In this study, we found that the DNTs had significantly higher ADC values than FCD and GGs, as previously reported in a retrospective study of 275 children and adults patients with various brain tumors [34]. Moreover, ADC values in DNT patients have been shown to be significantly higher compared to a control group in a study with adult and children population [4]. It is also known from an adult study that DNTs display the highest ADC values among the benign tumors and that ADC could help in grading tumors but not in differentiating different tumor types in the same grade [3]. The only report on GG and DWI found in the literature included adults and children and showed a significantly higher minADC in GGs compared to low- and high-grade astrocytomes [13].

As shown in Table 3, our results demonstrate that DNTs had the lowest rCBF and rCBV values, followed by FCD and GGs which had the highest ones. However, the small number of cases having PWI data tempers these findings, and further investigations in a larger population are needed for confirmation. Compared to normal parenchyma, it has been reported that DNTs had lower rCBV [4] and this is consistent with our findings. Wang et al. [32] explained the lower rCBV values of DNTs by the lack of angiogenesis. However, abnormal permeability was found in our study as well as an increased CBV in one case with a large DNT (patient no. 5). To our knowledge, no perfusion MRI studies on FCD and GGs in children have been reported so far in the literature.

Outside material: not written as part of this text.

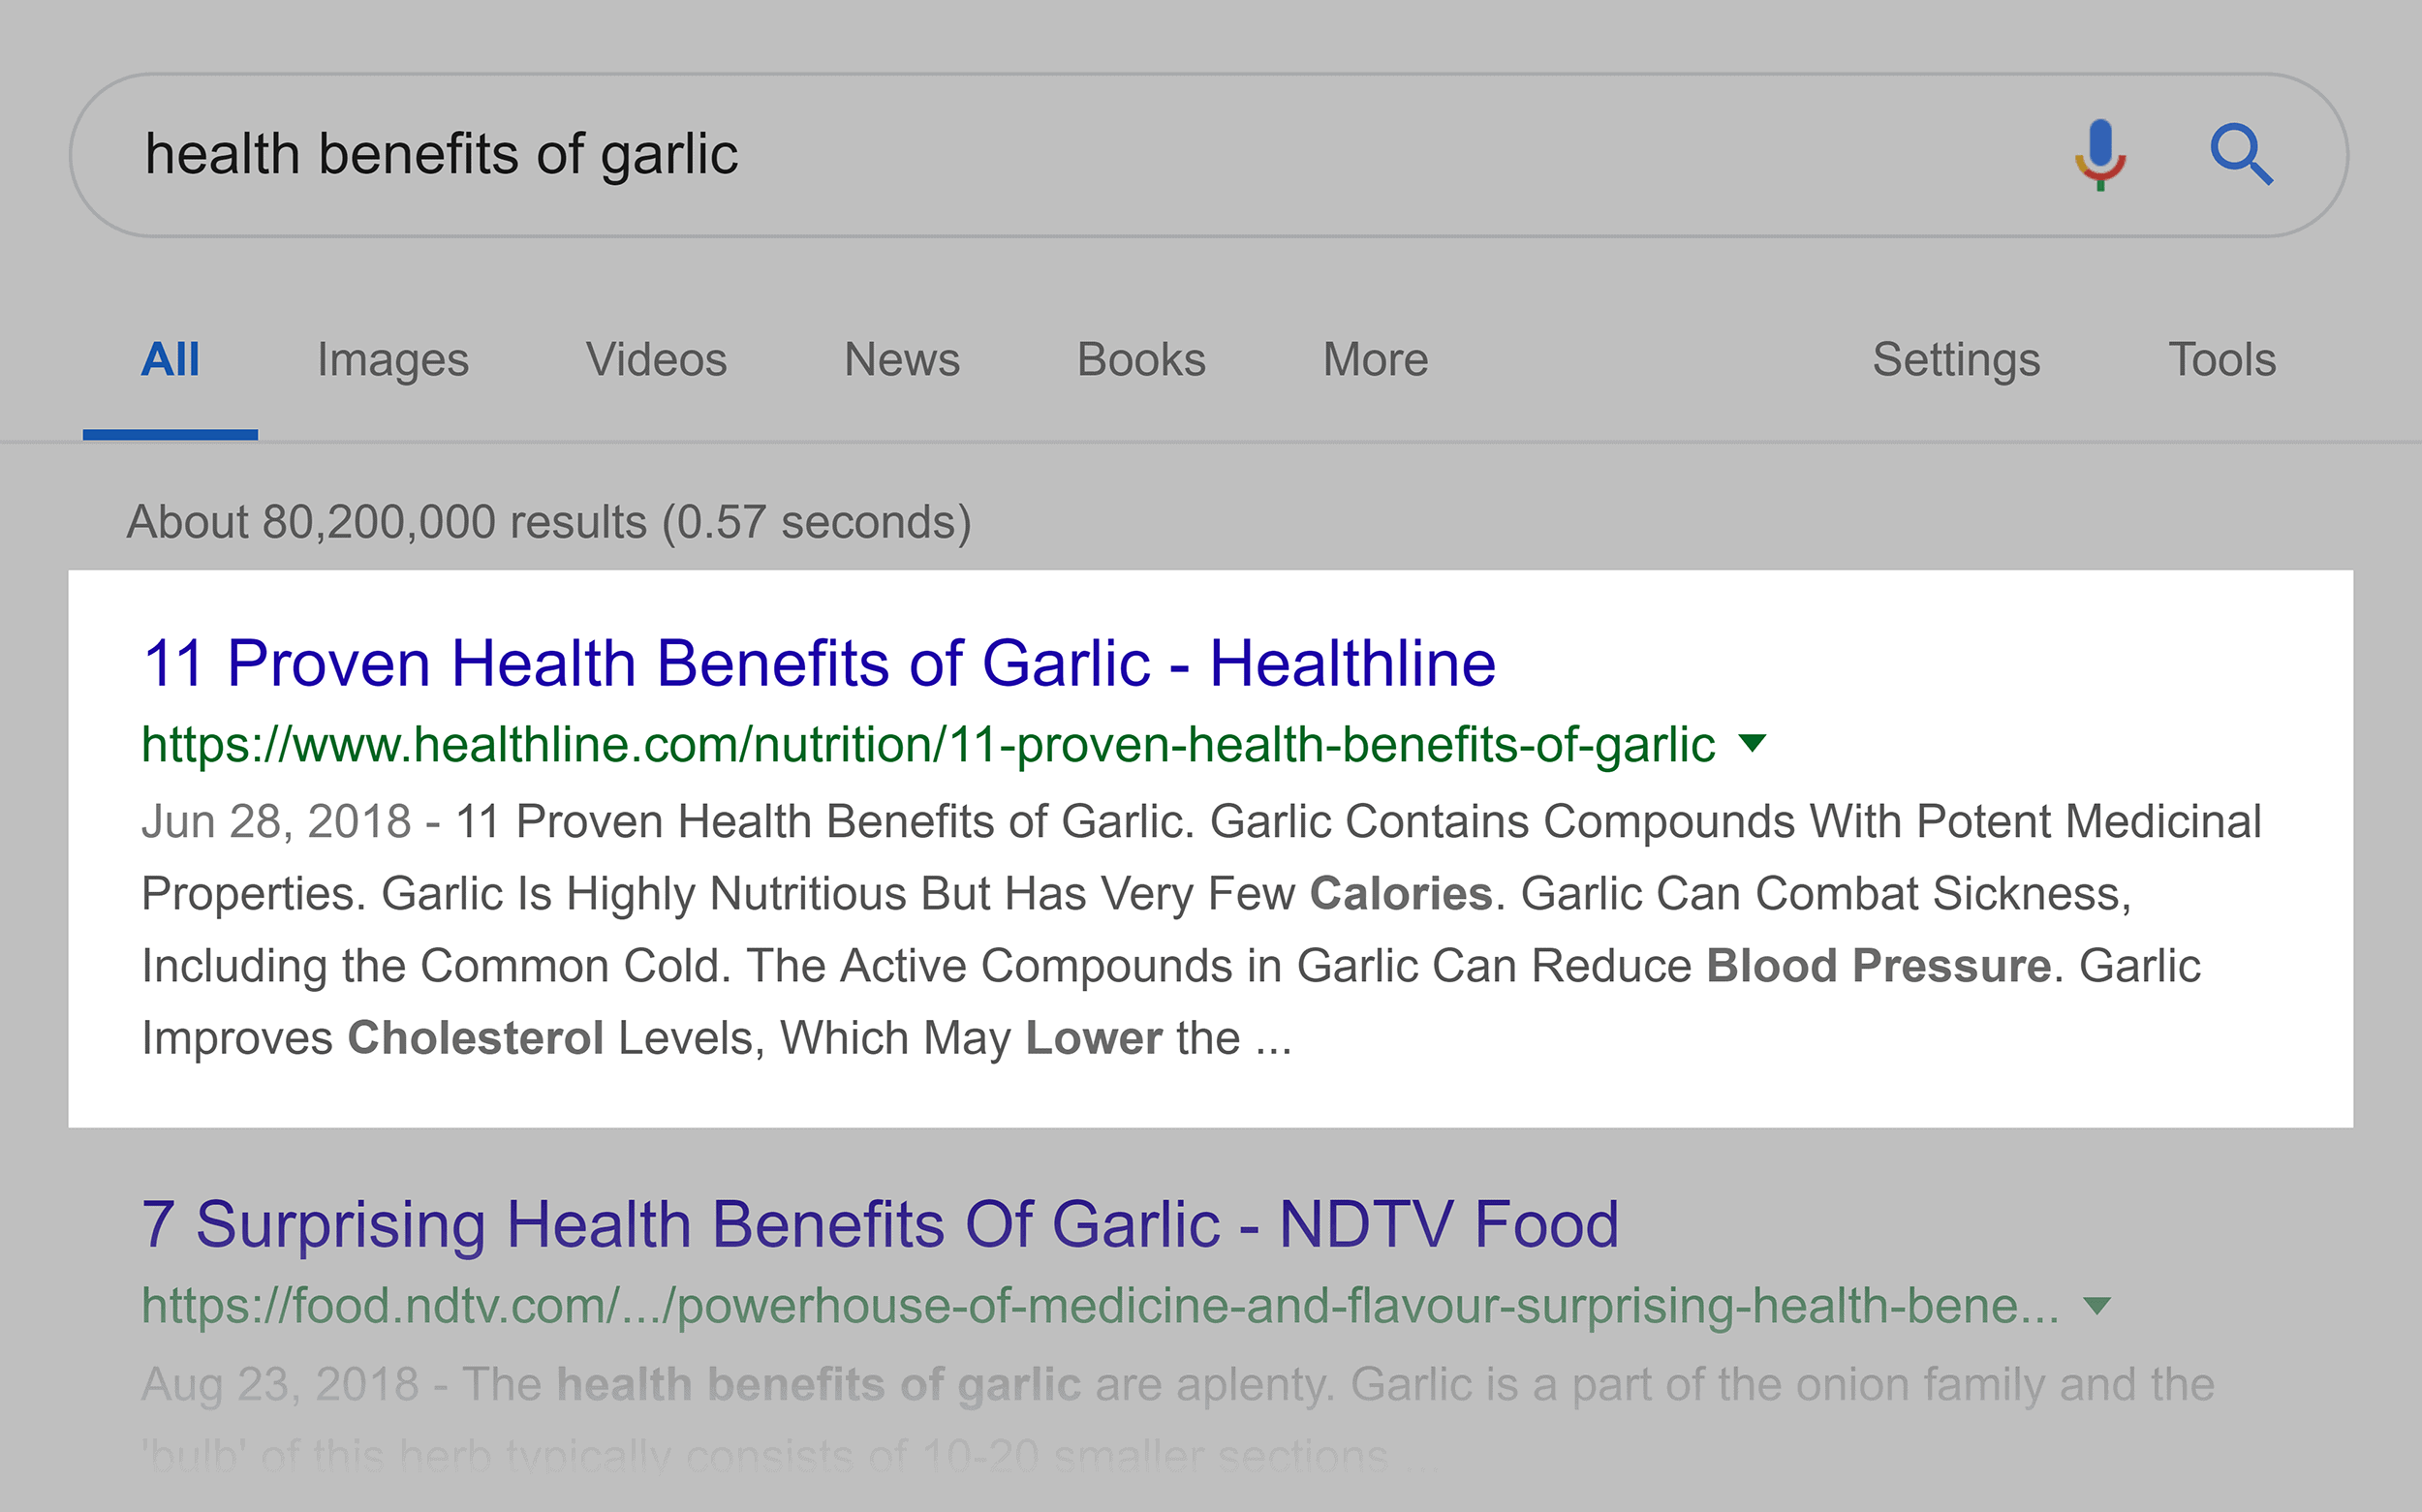 Google search – "health benefits of garlic"

One of the major findings in our study was that GGs had a significantly higher Cho/S ratio at short TE than DNTs. FCD could also be distinguished from GGs by Cr/S and Cho/Cr ratios at long TE. MR spectroscopy has been increasingly used in the evaluation of intractable epilepsy associated with brain tumors during the last years. Some studies [3, 4, 31] have shown that DNTs are characterized by their normal spectra, and no significant differences were detected in NAA/Cho, NAA/Cr, NAA/Cr+Cho, or Cho/Cr ratios between DNTs and normal brain [4]. Significant increase of mI/Cr ratio at short TE was also reported in DNTs compared to normal parenchyma [4]. However, according to our findings, this spectral pattern can be also seen in FCD in addition to DNTs. Most GGs have been shown to display the features of low-grade gliomas with decreased NAA and increased choline peaks [27], while FCD is characterized by an elevated Cho and a minimally decreased NAA [21, 31]. Nonetheless, the decrease in NAA could be related to functional alterations as demonstrated in adult patients with temporal and frontal lobe epilepsy without evidence of brain lesion on MRI [8, 9].

Although many authors tried to characterize FCD, DNTs, and GGs using MRI, no study comparing the three lesions in epilepsy children has been reported so far except one study using 18F-FDG and 11C-methionine PET in which the authors could separate FCD from DNT and GG, but not in distinguishing each group from the others [26].

Conclusion

Preoperative imaging diagnosis of epileptogenic brain tumors in children is important for the determination of treatment strategies and expectation of outcome. Conventional MRI alone is still insufficient to distinguish DNTs, FCD, and GGs in some cases. In this study, combination of conventional MRI, ADC values, and MRS ratios either at long TE or short TE correctly separated DNT, FCD, and GG groups with sensitivity and specificity of 100%. Multimodal MRI and MRS could thus help in patient management and in making surgical decisions. However, further studies with larger population with histologically proven lesions are needed to confirm the present findings.